'The Good Wife' Wants To Be an Ex-Wife
Fed up with her husband's philandering, Alicia finally blows a fuse. But will this, too, pass?

CBS
The fat is finally in the fire. After months of often sublime forbearance, Alicia blows a fuse. Having learned that Peter's apparently compulsive womanizing swept Kalinda on to his dance card—many years before Kalinda became one of Lockhart & Gardner's legal investigators—Alicia manages, in what appears to be about 15 minutes, to find and rent a small downtown apartment, pack Peter's belongings into cardboard cartons, have those cartons picked up and delivered to the new apartment, then arrange to meet Peter there so that she can hand him the keys and tell him their marriage is over.
Not surprisingly, Peter is taken aback, and once again penitent, but their conversation quickly spirals into anger and the two part with the requisite door-slamming. Shall this, too, pass? We have three (or is it two?) weeks to find out, say the program's producers.

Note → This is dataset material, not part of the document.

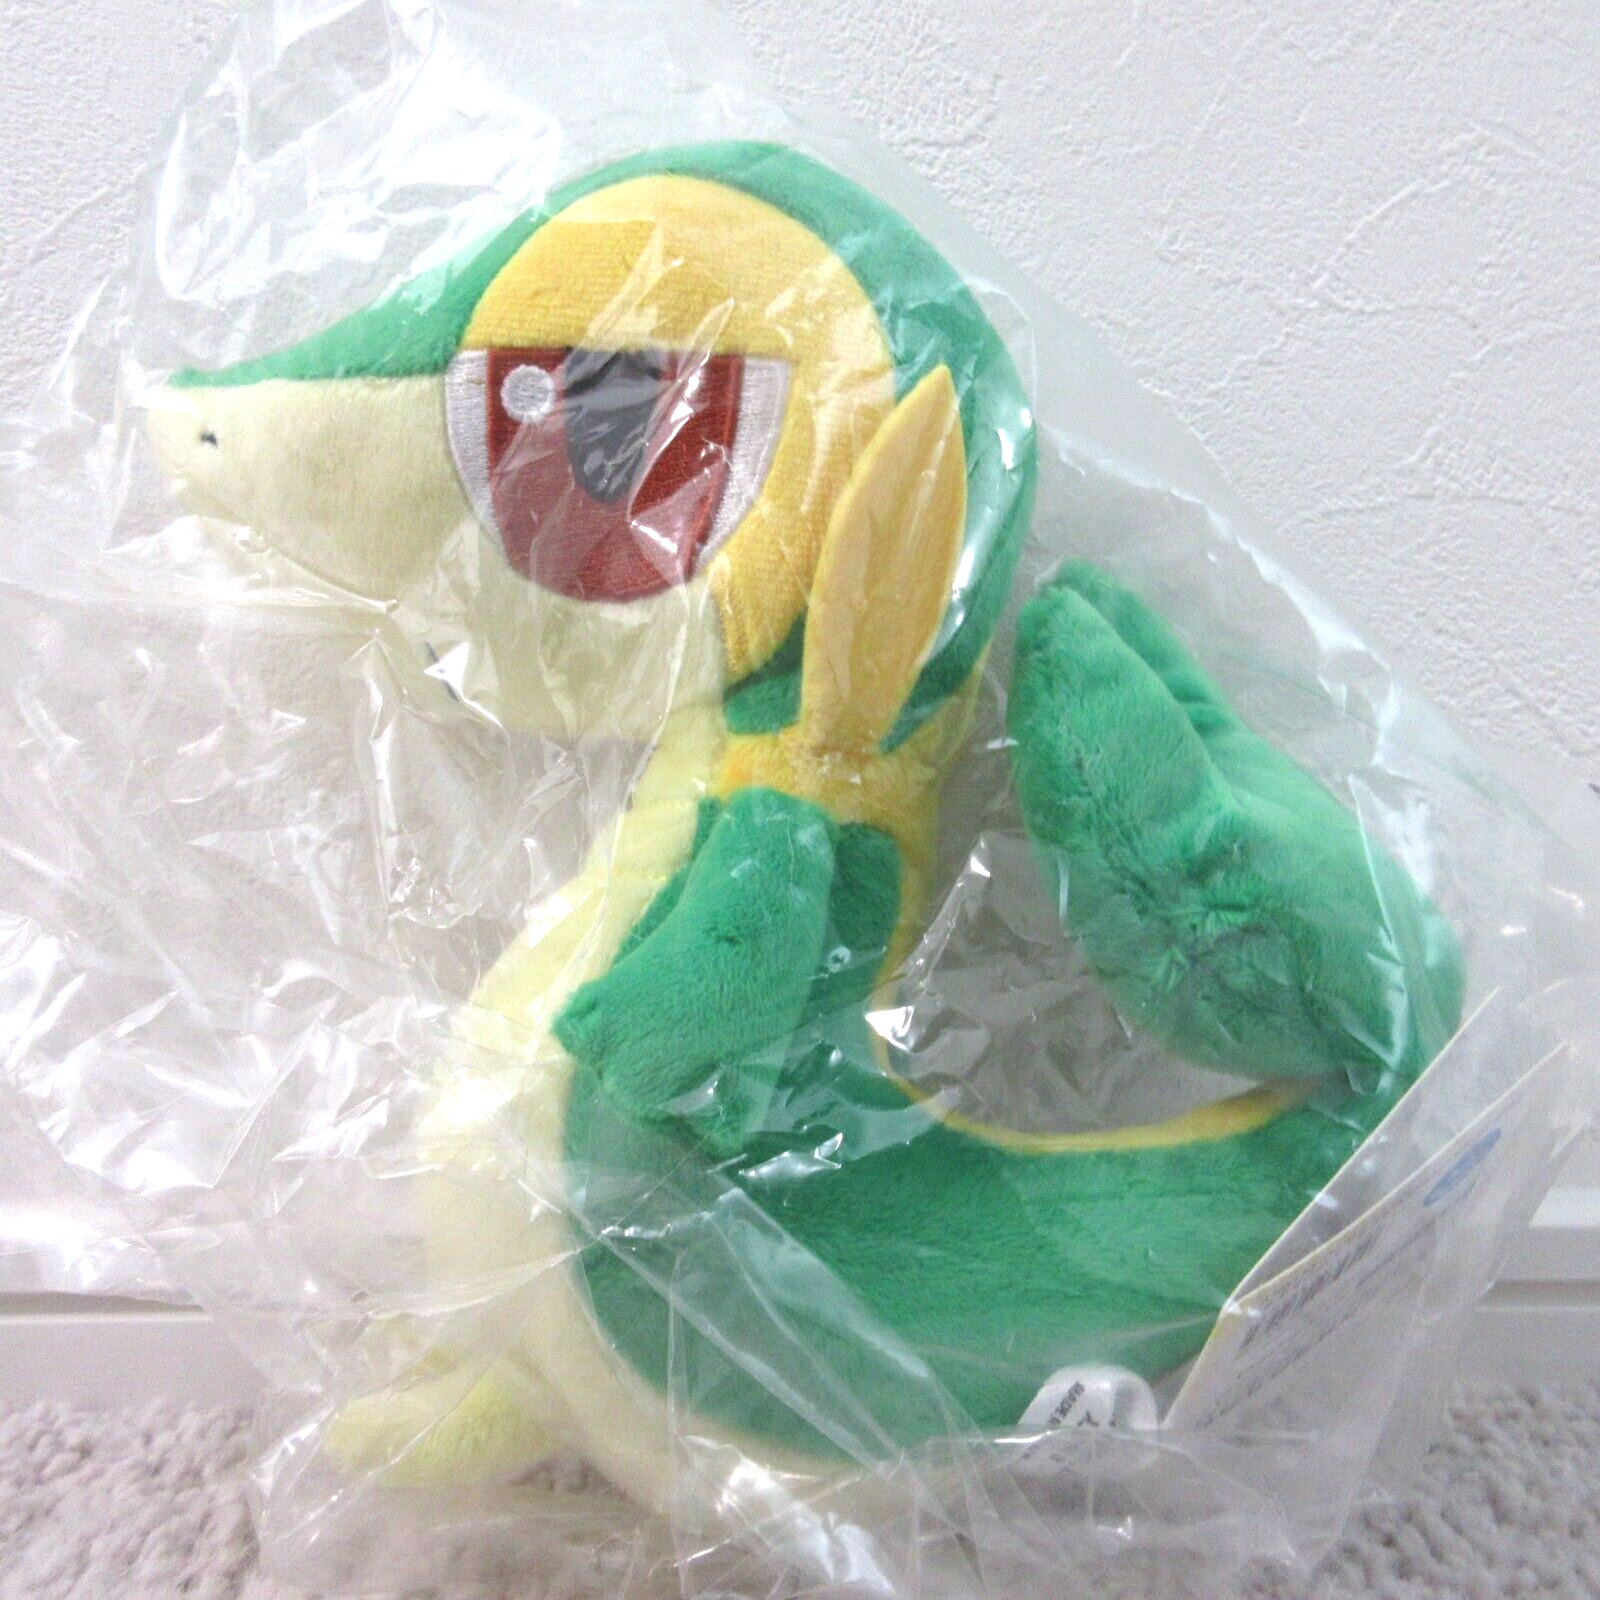 [US STOCK] Sanei Pokemon All Star Collection Plush PP238 Snivy S Size Stuffed
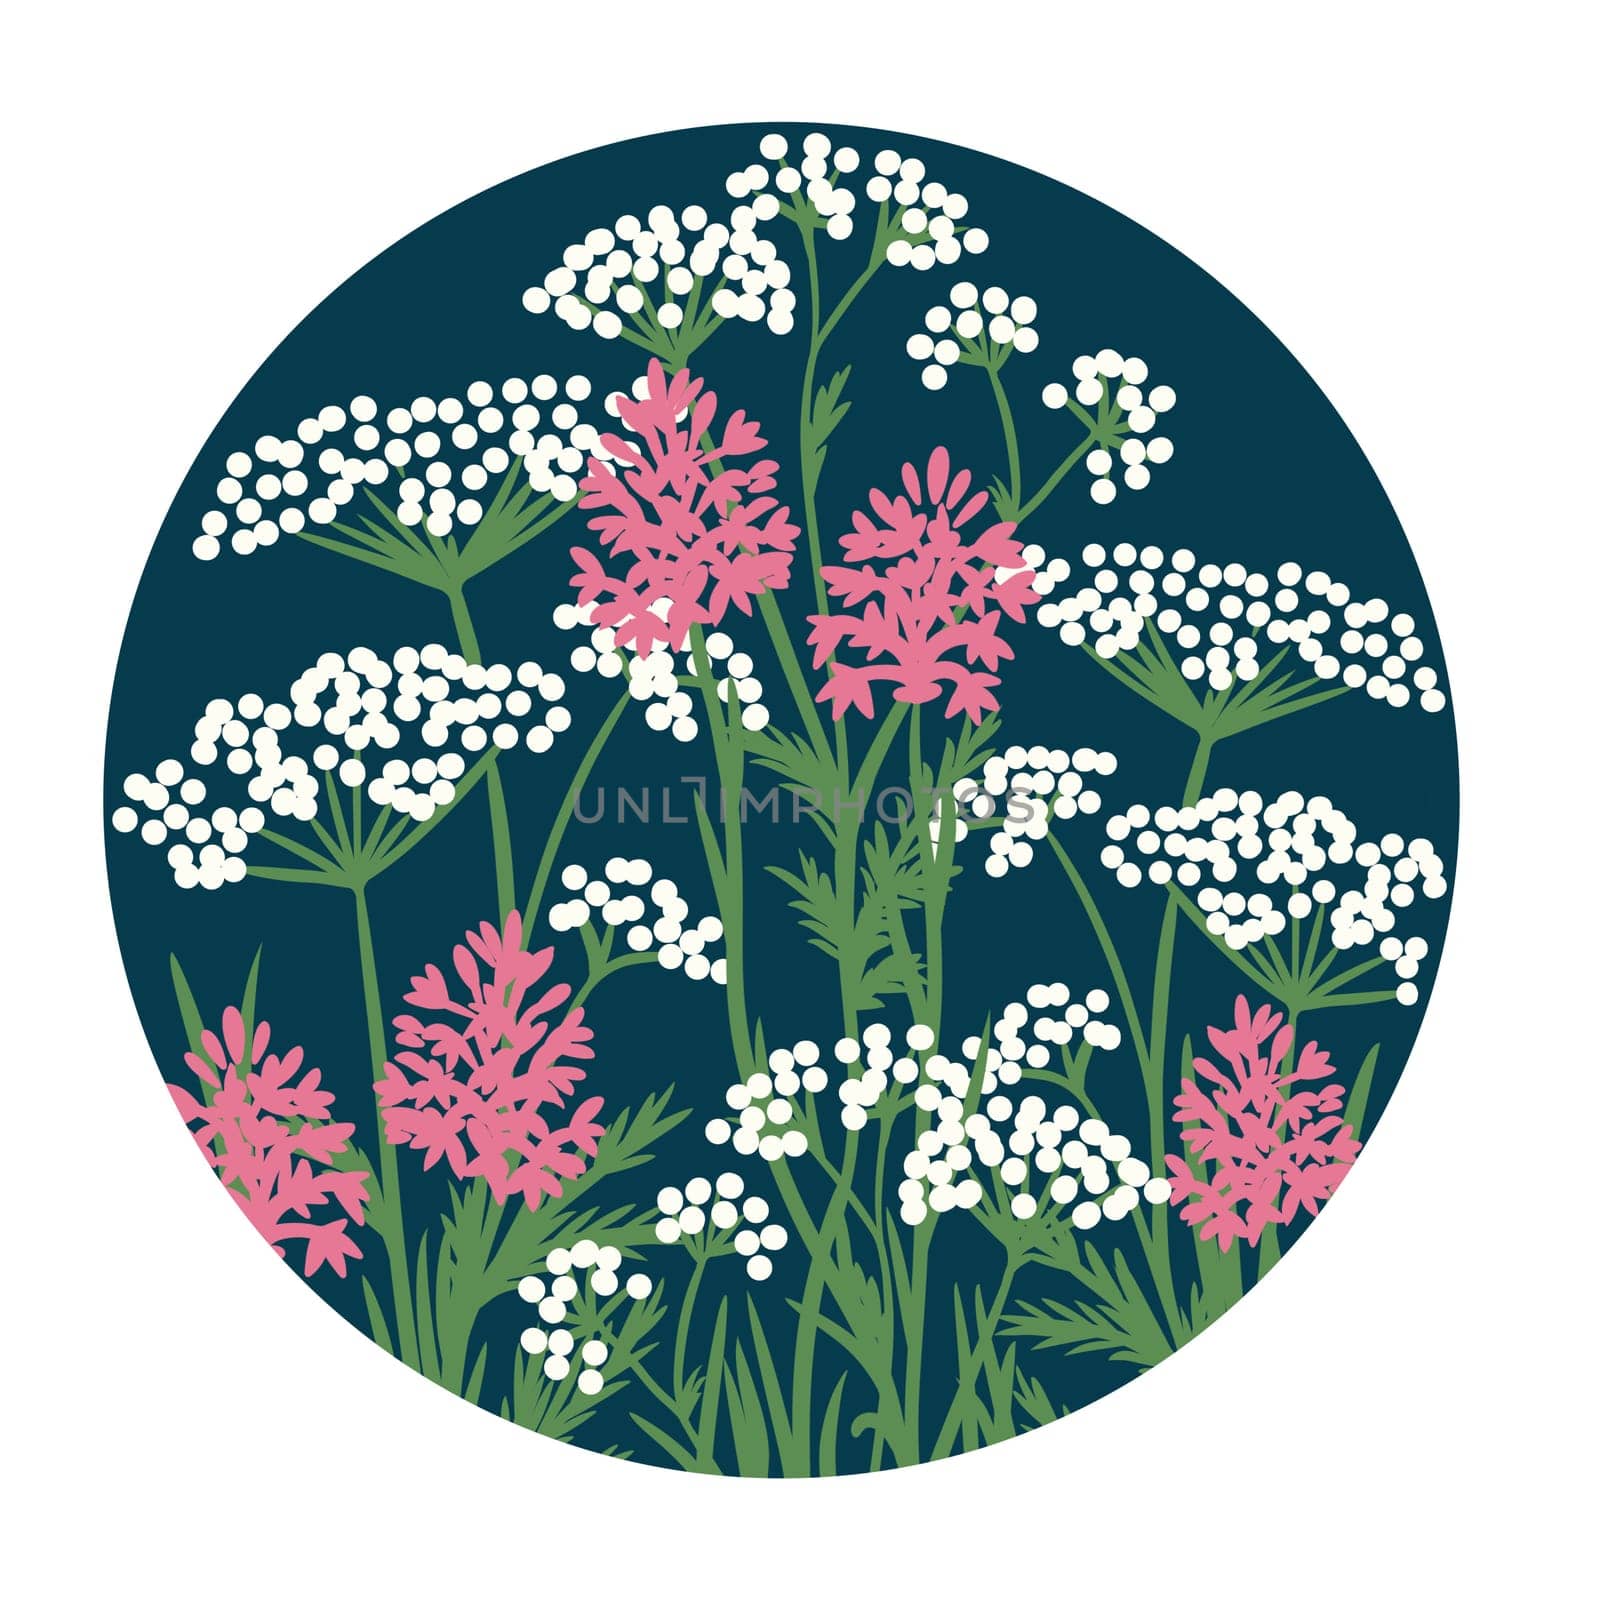 Hand drawn illustration of white cow parsley pink pyramidal orchid meadow wild flowers, wildflower floral design. Round circle nature plant on dark blue navy indigo background, british common herbs grass

Domestic sturm and drang aside, Alicia demonstrates that a surgeon who has removed her client from a list of liver transplant prospects is prejudiced against tattooed heavy drinkers and has earmarked an available liver for an aging but generous contributor to the hospital where the surgeon works. In defending her client's right to be next in line for a liver transplant, Alicia has to deflect a number of dubious ploys on the part of Martha Plimpton, the opposing attorney.
Alicia must also endure a scolding from Peter's mother, a tearful confrontation with her heartbroken children, and the forever looming figure of Cary who, now unemployed, considers resuming his career at Lockhart & Gardner—unless Peter, in a grim final scene, decides to keep him on the State's Attorney staff, essentially because of his adversarial relationship with Alicia.